Timeline — 100-200 tokens per result. Chronological context around a moment.
get_observations — 500-1,000 tokens per result. Full records, fetched by ID only when Claude actually needs the detail.

The idea: start cheap, drill down only when you have to. There’s an MCP tool literally called __IMPORTANT whose entire job is reminding Claude to follow this pattern — because without it, Claude will skip the cheap layers and fetch everything at full detail. Which defeats the architecture.

This is the most interesting design choice in the whole plugin.

Configuration worth knowing

Everything is tunable via http://localhost:37777/Settings or environment variables. The ones I actually touched:

CLAUDE_MEM_MODEL — compression model. Haiku is the default and fine. Switch provider with CLAUDE_MEM_PROVIDER if you want Gemini or OpenRouter instead.
CLAUDE_MEM_CONTEXT_OBSERVATIONS — how many observations get injected at session start. Default 50, range 1-200. I dropped it to 25 during the first week on a new project (see below).
CLAUDE_MEM_CONTEXT_FULL_COUNT — how many of those get expanded to full detail. Default 5.
CLAUDE_MEM_SKIP_TOOLS — excludes specific tools from capture. TodoWrite, AskUserQuestion, BashTool are skipped by default, which is the right call.

Privacy escape hatch: wrap content in <private> tags inside a prompt and it stays out of storage. Useful when you paste something you don’t want sitting in a SQLite file forever.

The security audit you should actually read

A February 2026 community audit flagged the HTTP API on port 37777 as unauthenticated. Any local process on your machine can:

Read every stored observation
View settings — including plaintext API keys
Inject arbitrary memories into Claude’s next context

The default binding was 0.0.0.0 rather than localhost, which meant cloud VMs without firewalls exposed the API to the internet. Path traversal bugs in smart_unfold and smart_outline compound the problem.

My rule: personal dev machines only. Not shared servers. Not cloud dev boxes. Not work laptops with other people’s code on them. The architecture is promising — the security posture isn’t there yet.

There are also reliability issues worth knowing about: an early ChromaDB-backed build leaked subprocesses badly (one user hit 184 orphaned processes chewing 16GB of RAM in 19 hours). The FTS5 backend — SQLite’s built-in full-text search — avoids that entirely. Use FTS5.

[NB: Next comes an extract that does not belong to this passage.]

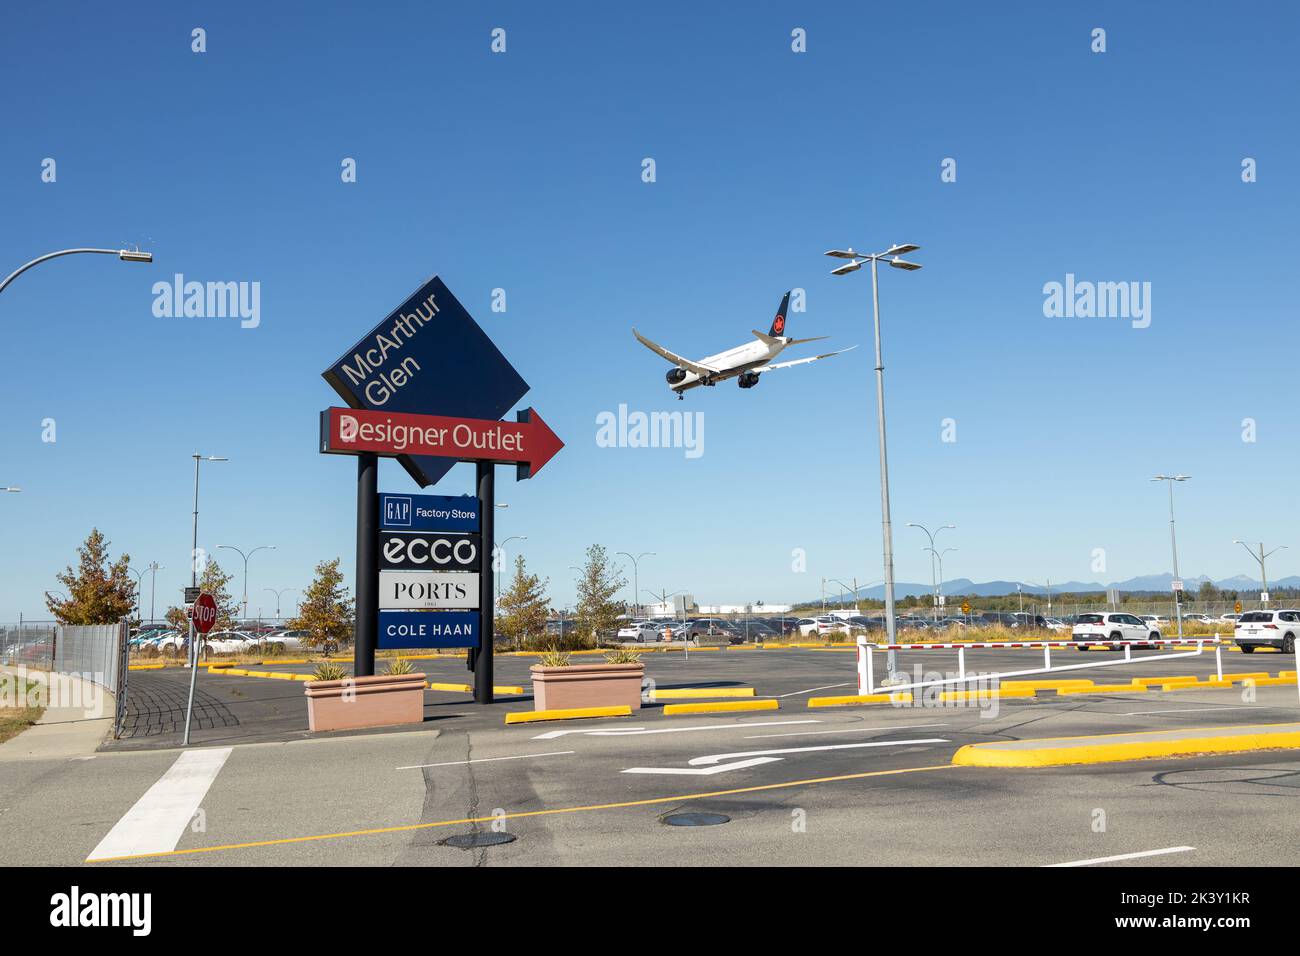 Vancouver, Canada - September 25, 2022: View of sign McArthur Glen Designer Outlet with landing plane in the background Stock Photo

What actually changed in my workflow

Three weeks in, a 39 MB database, 6,814 observations across ten projects. What’s different:

No more re-explaining project structure. Claude walks in knowing the shape of the repo.
Debugging paths don’t restart from zero. If we chased a bug down a wrong alley yesterday, today’s session remembers that alley was wrong.
61% of my observations are typed discovery. Claude is mostly capturing what it learns, not what it changes. That was unexpected — I thought the value would be in remembering refactors. It’s actually in remembering comprehension.

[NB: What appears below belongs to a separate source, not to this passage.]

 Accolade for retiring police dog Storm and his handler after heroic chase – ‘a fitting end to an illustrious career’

One gotcha: the first week on a new project, your context fills faster than normal because every file is new and every tool call produces a discovery-type observation. Lower CLAUDE_MEM_CONTEXT_OBSERVATIONS to 20-30 until the discovery rate flattens. Then raise it back.

The real point

Session-based coding assistants have a blank-slate problem. Every morning, they forget you. The fixes people reach for — CLAUDE.md, auto memory, /compact — are partial. Markdown files rot. Auto memory saves at random. /compact trades your conversation for context room.

Claude-mem is the first approach I’ve used that treats memory as infrastructure instead of a manual habit. Capture happens automatically. Retrieval is tiered so the cheap layers do the work. Privacy stays local.

It’s not production-ready for regulated environments. But for a solo developer on a personal machine, the continuity is real. Three weeks of not re-explaining my own codebases has already paid for the setup time.

Install it on a laptop you own. Watch the observations stream in for a day. Decide for yourself.